▶ _Activity_: Starting with the line that contains "Honey Natural Celyon", repeat each line exactly through the final line of the listing. No picture should appear in the copy.

▶ _Given material_:

==============================

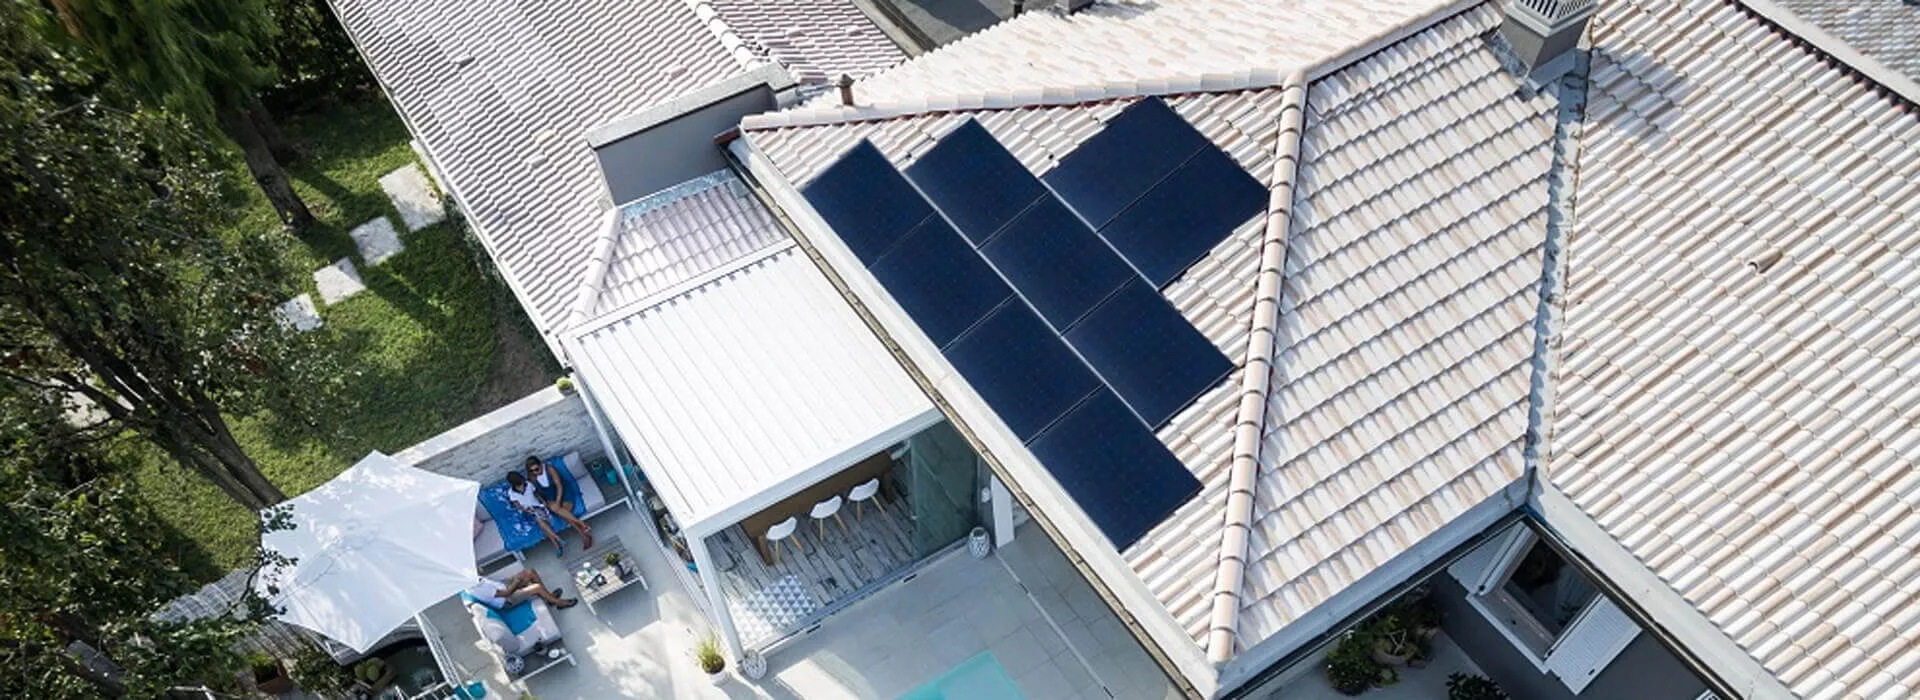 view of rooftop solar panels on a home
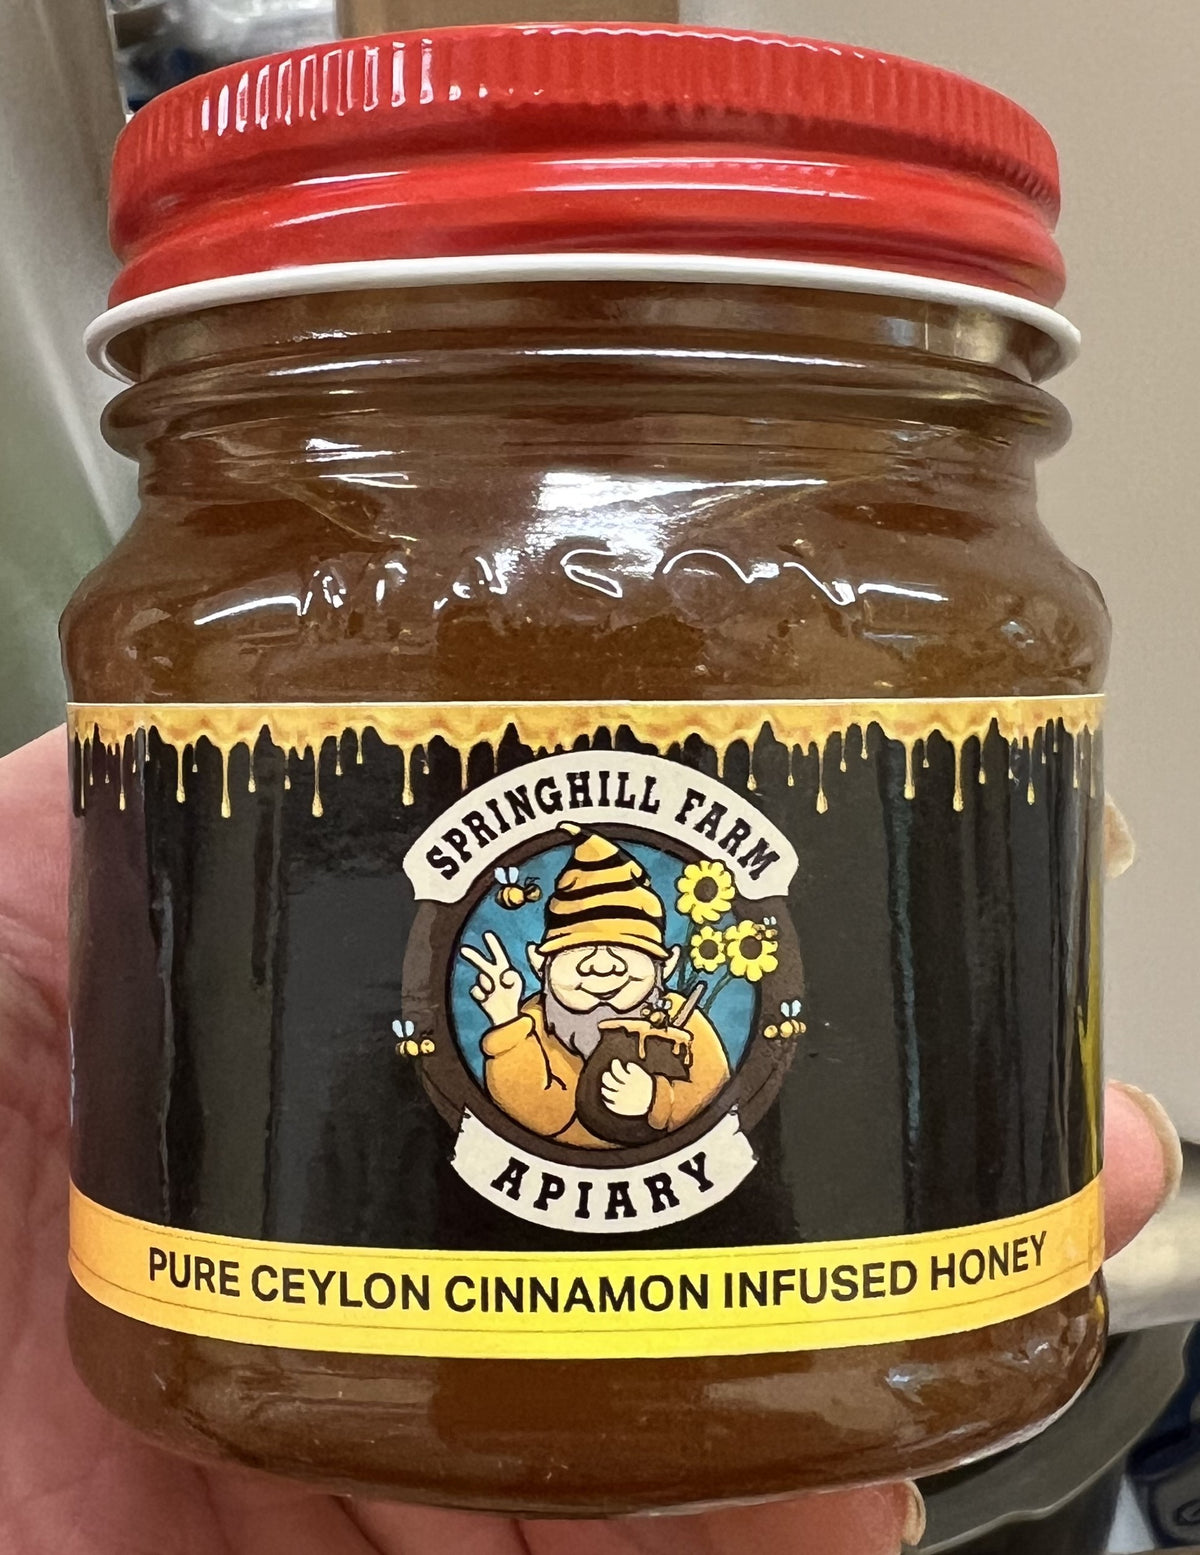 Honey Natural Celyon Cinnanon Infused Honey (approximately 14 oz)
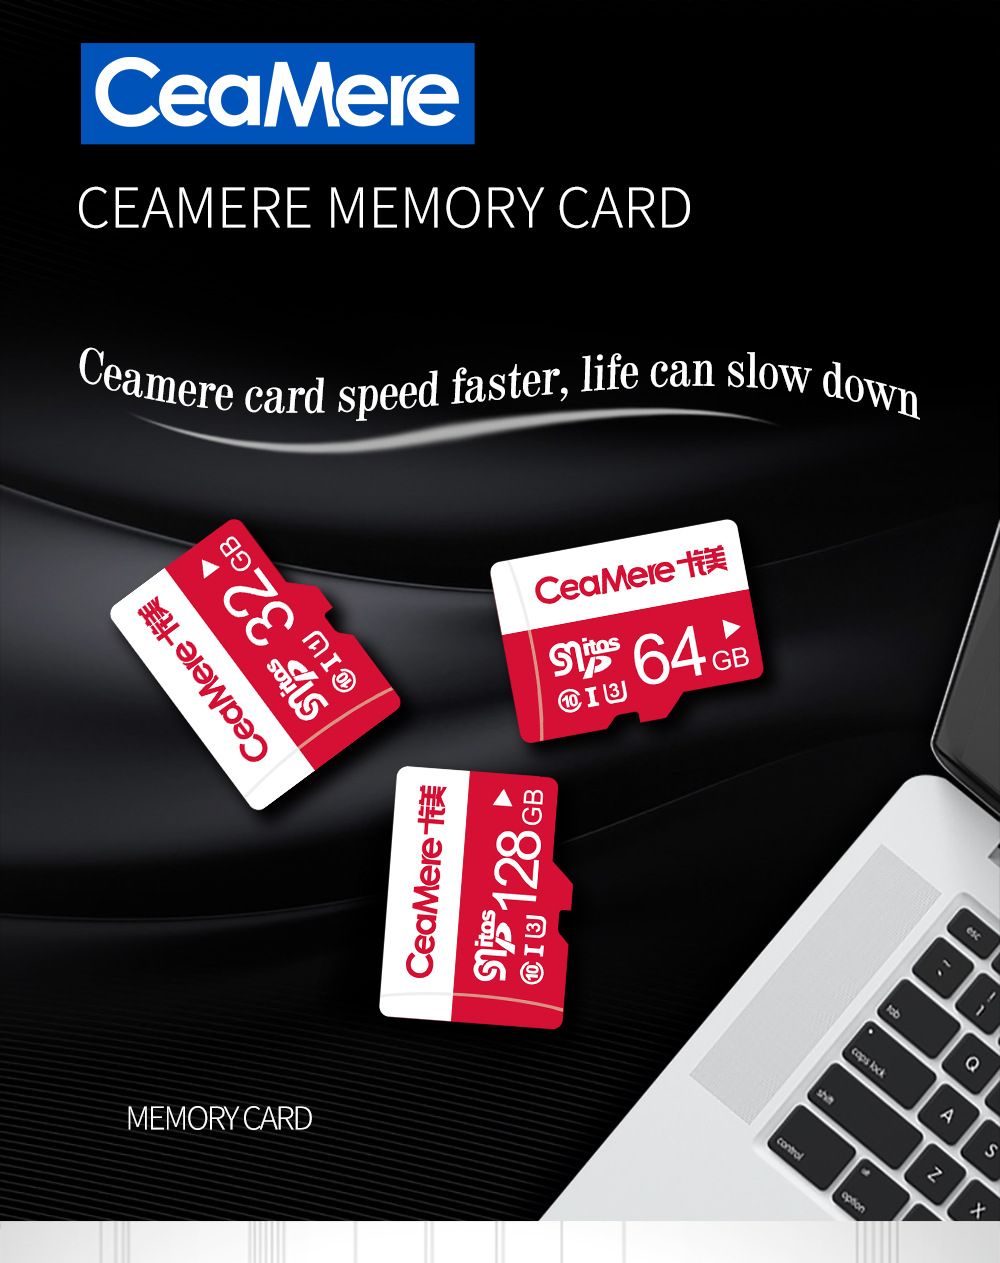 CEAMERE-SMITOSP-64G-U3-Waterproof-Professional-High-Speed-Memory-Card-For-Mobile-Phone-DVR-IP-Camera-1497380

==============================

▶ _Result of this task_:
 Honey Natural Celyon Cinnanon Infused Honey (approximately 14 oz)
 CEAMERE-SMITOSP-64G-U3-Waterproof-Professional-High-Speed-Memory-Card-For-Mobile-Phone-DVR-IP-Camera-1497380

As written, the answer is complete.